Your assignment — The pictures must be left out, while the rest of the data is copied exactly.

Data extract —
+-------+
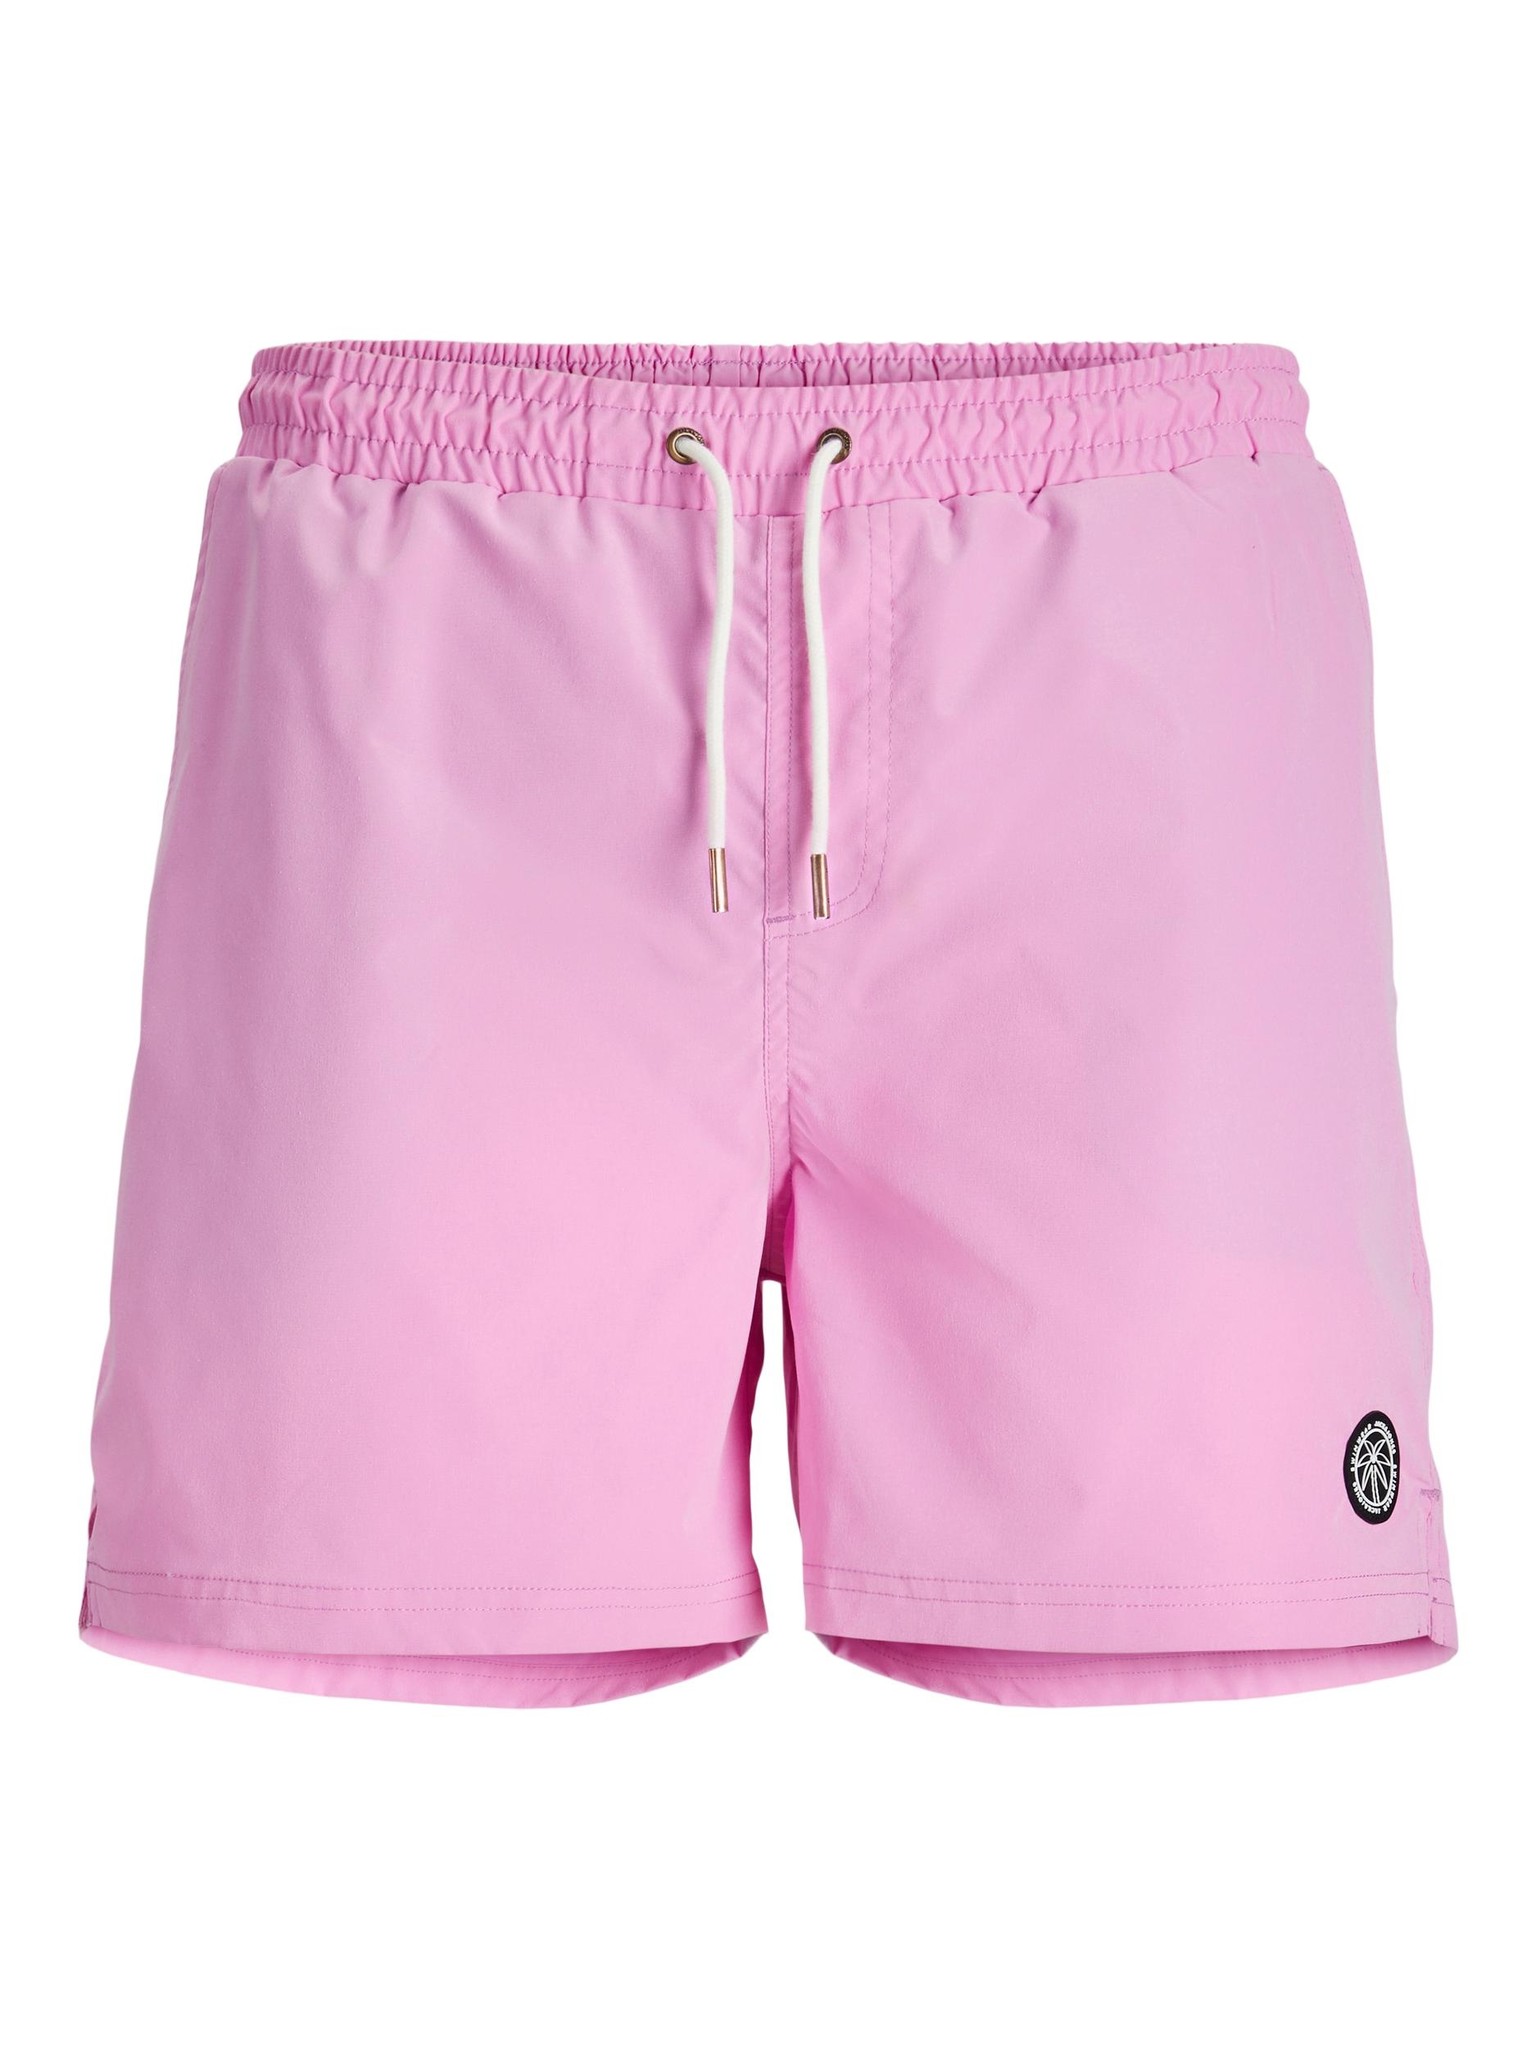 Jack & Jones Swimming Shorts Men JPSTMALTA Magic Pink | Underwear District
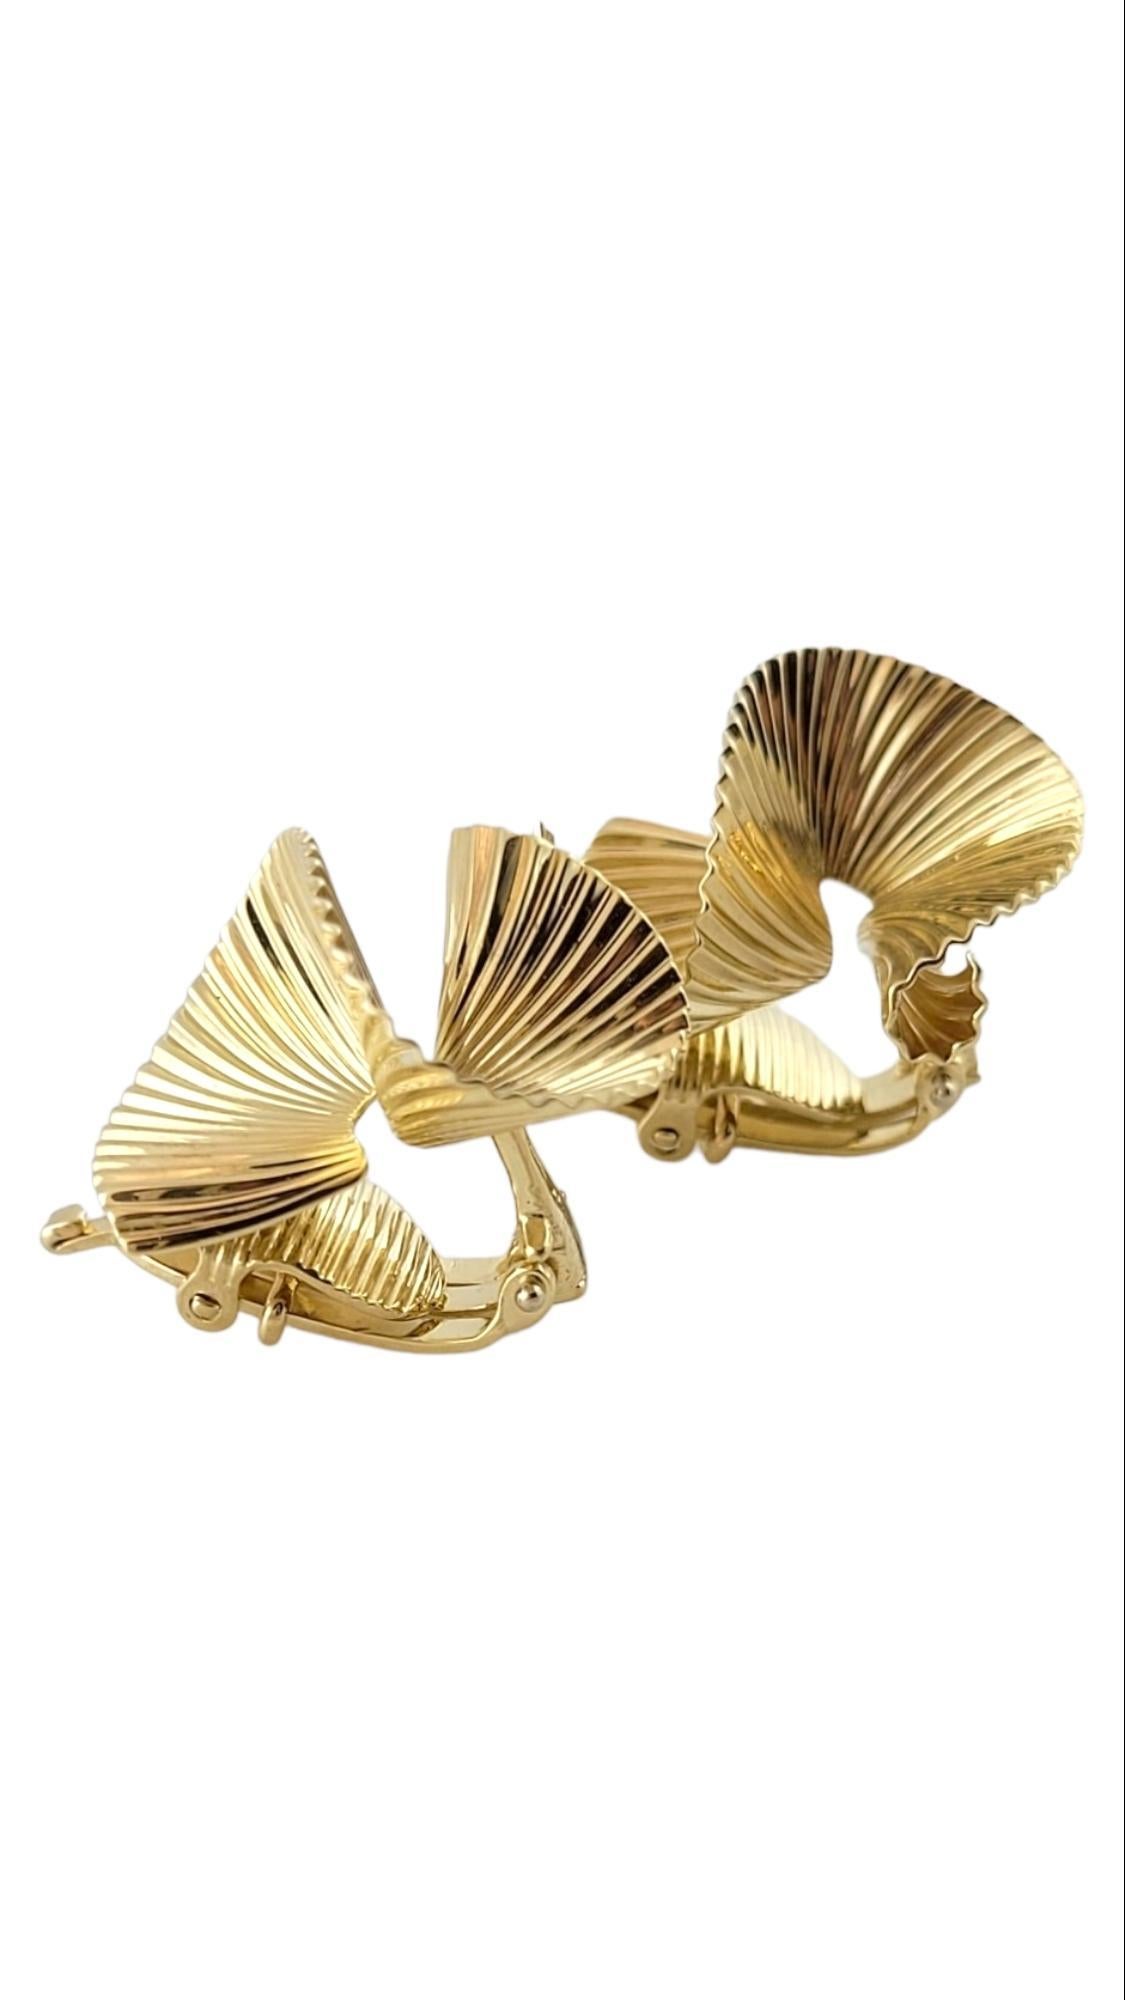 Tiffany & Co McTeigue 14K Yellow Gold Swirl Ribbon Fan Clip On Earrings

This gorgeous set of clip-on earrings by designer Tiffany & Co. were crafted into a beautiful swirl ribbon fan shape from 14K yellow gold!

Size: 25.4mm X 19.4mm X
+-------+
Result of the task —
 Jack & Jones Swimming Shorts Men JPSTMALTA Magic Pink | Underwear District
 Tiffany & Co McTeigue 14K Yellow Gold Swirl Ribbon Fan Clip On Earrings

This gorgeous set of clip-on earrings by designer Tiffany & Co. were crafted into a beautiful swirl ribbon fan shape from 14K yellow gold!

Size: 25.4mm X 19.4mm X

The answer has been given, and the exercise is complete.